Twitter Influencer Analyzer is a web application which collects data from Twitter, Klout and Google Maps to display influence relationships between twitter users.
You will need node.js installed (version 0.8.x or greater),
which comes with npm
(version 1.1.x or greater).
You will also need MongoDB installed, if you want to run the server locally.
Once you have that in order:
-
create a git clone this repository; eg,
git clone https://github.com/ibmjstart/bluemix-sample-tia-node.git
-
run
npm install
to install node pre-req modules
You should create a config.json
in the root directory. It's
listed in .gitignore
, so will not be stored in git. A
sample is available in config.json.txt
.
Set the Klout and Twitter keys as appropriate.
For Klout, you can obtain a developer key here: http://klout.com/s/developers/home
For Twitter, you can obtain a key and secret here: https://dev.twitter.com/
Note that you just need simple keys here; for neither klout nor twitter will the user ever "sign in" - this application only deals with public data.
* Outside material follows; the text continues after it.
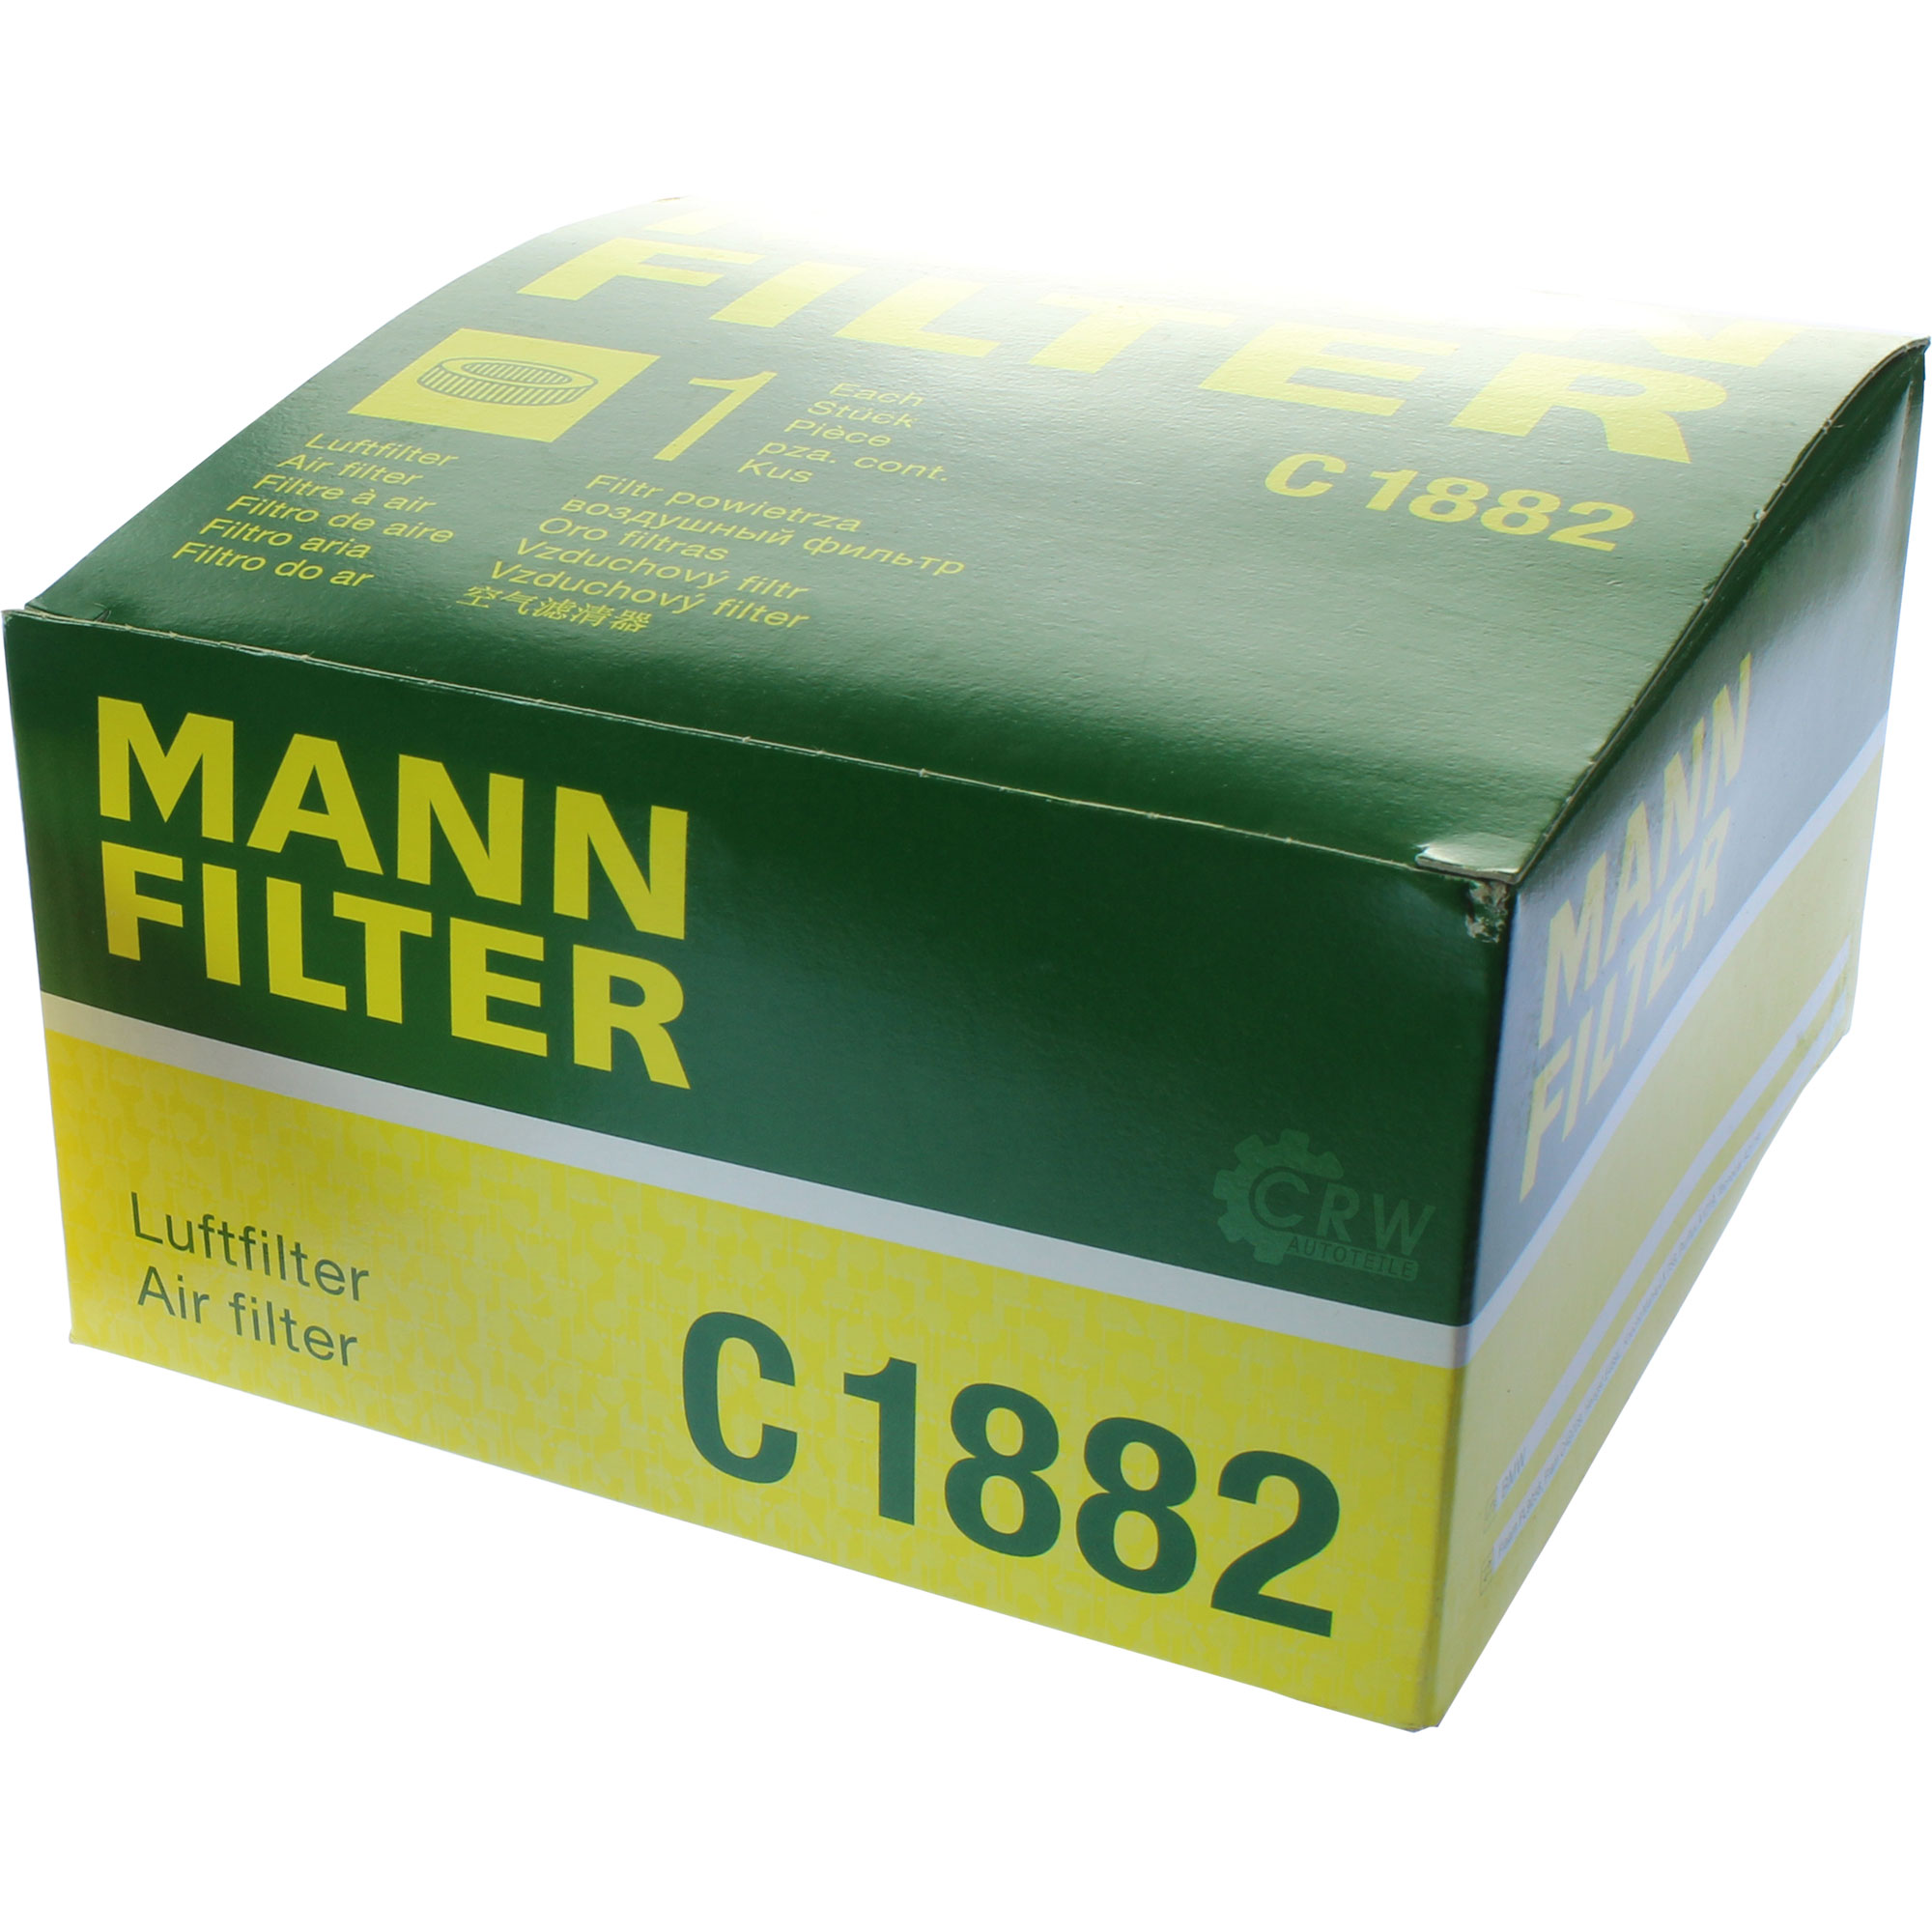 MANN-FILTER Luftfilter für BMW 3er Compact E46 316 TI 318 318i 316i

To run locally, you will need a mongodb server running, at the URL:
mongodb://localhost:27017
. It will use a database named
bluemix-sample-tia-node
when run locally.
use one of:
node app.js
node lib/cli.js
npm start
./build.coffee serve
(build serve
on Windows)./build.coffee watch
(does not run on on Windows)
The first four all do the same thing.
./build.coffee watch
is used at development time. It will watch the source
directories, and restart the server when they change.
The server will print the URL at which it's available after it's started.
You should see something like this when you run:
bluemix-sample-tia-node: mongo: url: mongodb://localhost:27017/bluemix-sample-tia-node
bluemix-sample-tia-node: connecting...
bluemix-sample-tia-node: connected
bluemix-sample-tia-node: ---------------------------------------------------------------
bluemix-sample-tia-node: twitter bearer token retrieved
bluemix-sample-tia-node: starting server on pid 82546 at http://localhost:8000
You will first need to create a new mongodb service.
The app expects that you will have only one service bound, with a name starting
with 'mongo'
.
After creating the service, push the app from this directory (after running
the initial installation as noted above), binding to your new mongo*
service.
The commands will be something like this:
$ cf create-service
<select mongodb, verison >= 2.2>
<use default name of mongodb-{hexdigits}>
<Update manifest.yml file with App Name, Hostname and MongoDb hexdigits>
$ cf push
<watch a bunch of stuff happen>
Push successful! App '{unique-name}' available at http://{unique-name}.{default-domain}
Note that the app has only been tested on node 0.8.x and above.
That should be it! Head over to your app's URL to start exploring!
The app consists of 4 types of pages:
-
the home page, which lists all the twitter users you have explored
-
an individual's user page, displaying information about that user
-
the messages page, displaying error and informational messages
-
the help page, providing a legend of some of the symbols used
When you run the first time, there will be no users listed on the home page. Enter one in the prompter on the page, and press the Analyze button. That should take you to the individual's user page. When you traverse back to home (press the back button - or you can always click the 'Home' link at the top), you'll see that user in the list. As you explore more users, they will be pushed to the top of the list.
The list provides a "delete" button to remove the user from the list, a green badge showing their klout score, a search icon button which will display the individual's user page, and a twitter icon button which will take you to the user's twitter page.
The list of users is stored in your browsers local storage - it's not saved anywhere on the web.
The individual user page displays up to 4 things:
-
list of twitter users this user is influenced by
-
list of twitter users that are influenced by this user
-
recent tweets
-
a Google map if any tweets are geo-coded
For each of the influenced by and influences users, their klout score badget, a search icon button, and twitter icon button are displayed. Click on the search icon button to display that user's individual user page.
For tweets which are geo-coded, a numeric badge link is displayed; click on that bad to display the referenced location in Google Maps.
The web app is contructed as a single-page-app using
AngularJS. The web resources - html, css, and js files
are located in the www
directory. Each 'page' in the app is designed as
a separate html view, with a controller to go with, located in the
www/controllers
directory.
The web app issues XHR requests back to the server to get dynamic data from klout and twitter. To make the system appear non-laggy, the data previously returned from an XHR request is shown on the web page before the more recent data is returned from the server. Often, the data won't change.
The list of users you've explored, and other not-frequently changing data
is persisted to localStorage
, bypassing the need to store that personal
data 'in the cloud'.
Google maps are generated in the browser using the Google Static Maps API.
The server does three basic things:
-
serves static content for the web app - html, css, and js files
-
serves XHR requests for klout and twitter data
-
persists data in a MongoDB cache
XHR requests are first checked to see if there is a recent response value in the MongoDB cache. If there is, it's returned. Otherwise, a request is made of the appropriate service, and the response is then added to the cache, for future requests.
The data in the MongoDB cache is expired, over time, using MongoDB's ttl expiration feature. This feature requires version MongoDB 2.2.